3 mistakes to avoid when using jQuery with ASP.NET AJAX

Over the past few weeks, I think I have definitely embodied Jeff Atwood’s claim that we’re all amateurs, learning together. Despite my best efforts to thoroughly test before posting, a few problems slipped through in my recent posts about using jQuery to consume ASP.NET JSON serialized web services and using jQuery to call ASP.NET AJAX page methods.

On the bright side, your great feedback in both posts’ comments has reinforced the fact that some of the best content on my blog is the part that you write.

In this post, I’m going to detail three of the problems that were discovered as a result of those previous two posts:

  • An extra requirement when making a read-only request to IIS6+.
  • An oddity in Internet Explorer 7’s XmlHttpRequest class.
  • A common mistake when passing JSON parameters through jQuery.

Finally, I’ll suggest what I now believe to be a best practice usage, taking all of these issues into account.

Security requirements when POSTing to IIS

This error message was the most common problem that was reported:

Length Required

The underlying issue is that most installations of IIS6+ require a content-length be provided with all POST requests, even if there is no content (POST data).

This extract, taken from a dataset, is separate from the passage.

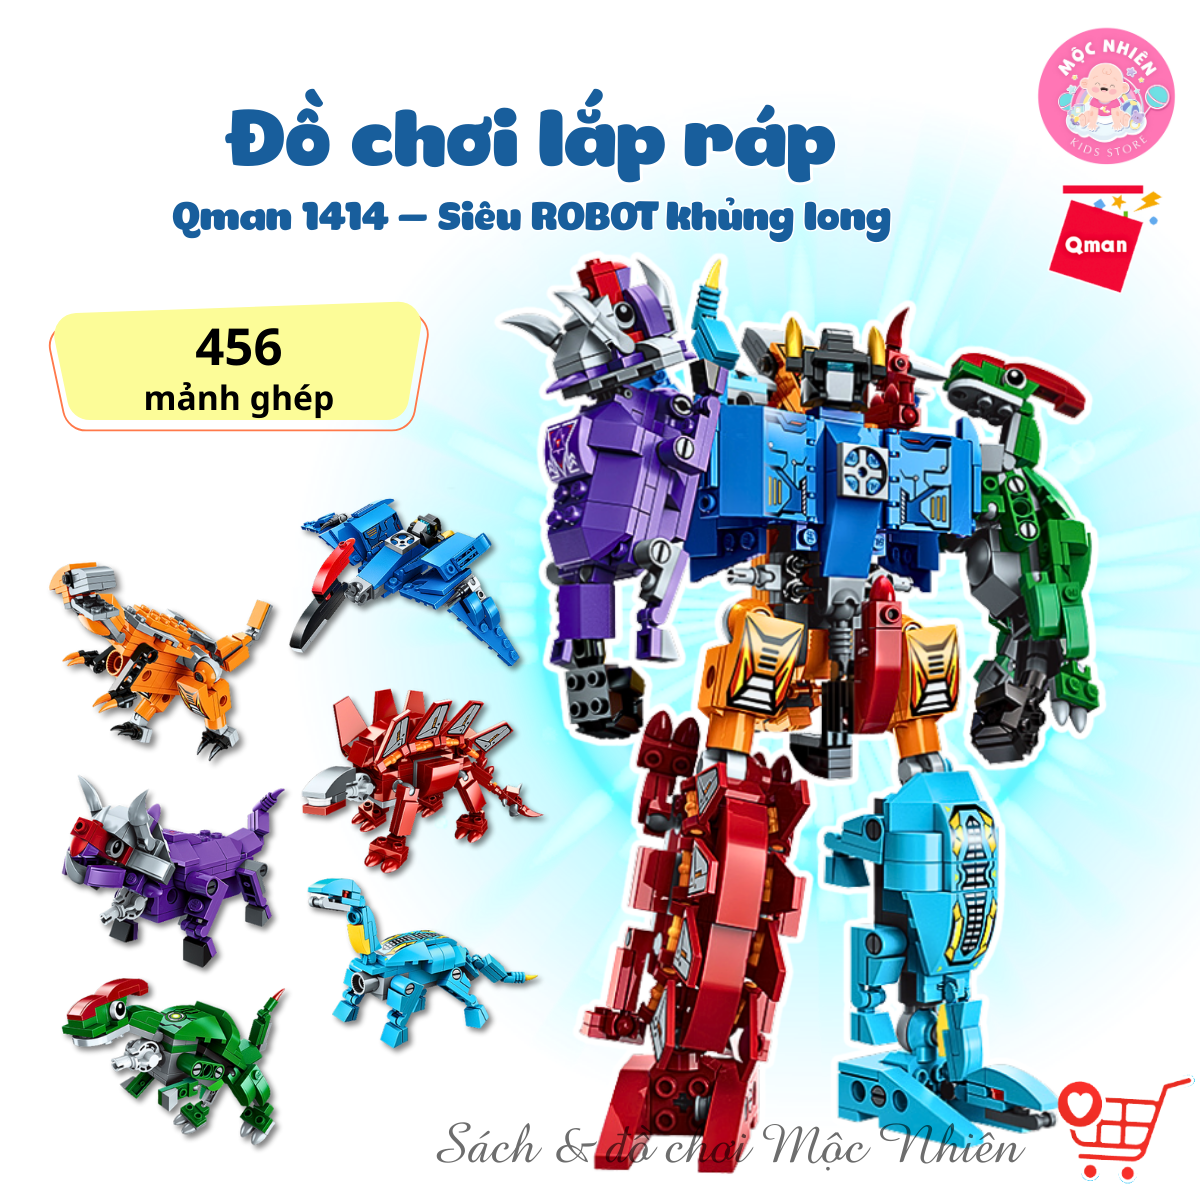 Đồ chơi lắp ráp xếp hình robot người máy Qman 1414 - Siêu Robot khủng long (456 mảnh ghép) dành cho bé trên 6 tuổi

The content-length for a request with no data should be 0, but jQuery doesn’t set that header automatically unless there is a data parameter. Since ASP.NET AJAX’s JSON serialized services require a POST request, this becomes a stumbling block for read-only requests.

The easiest way I’ve found to work around this is to use an empty JSON object as a parameter on read-only requests. For example, if you were calling a page method:

[cc lang=”javascript”]$.ajax({
type: “POST”,
url: “PageMethod.aspx/PageMethodName”,
data: “{}”,
contentType: “application/json; charset=utf-8″,
dataType: “json”

This will cause jQuery to correctly set a content-length of 2, while your web service or page method will happily ignore the empty parameter and treat the request as read-only.

You might notice the content-type is set differently in this example than in my previous posts. More on that next:

A problem with Internet Explorer and XmlHttpRequest

Previously, to call ASP.NET AJAX services with jQuery, I suggested this usage:

$.ajax({   type: "POST",   url: "WebService.asmx/WebMethodName",   beforeSend: function(xhr) {     xhr.setRequestHeader("Content-type",                          "application/json; charset=utf-8");   },   dataType: "json" });

The reason for the beforeSend delegate is due a quirk in jQuery which causes it to send a specified content-type only if there is also a data parameter specified.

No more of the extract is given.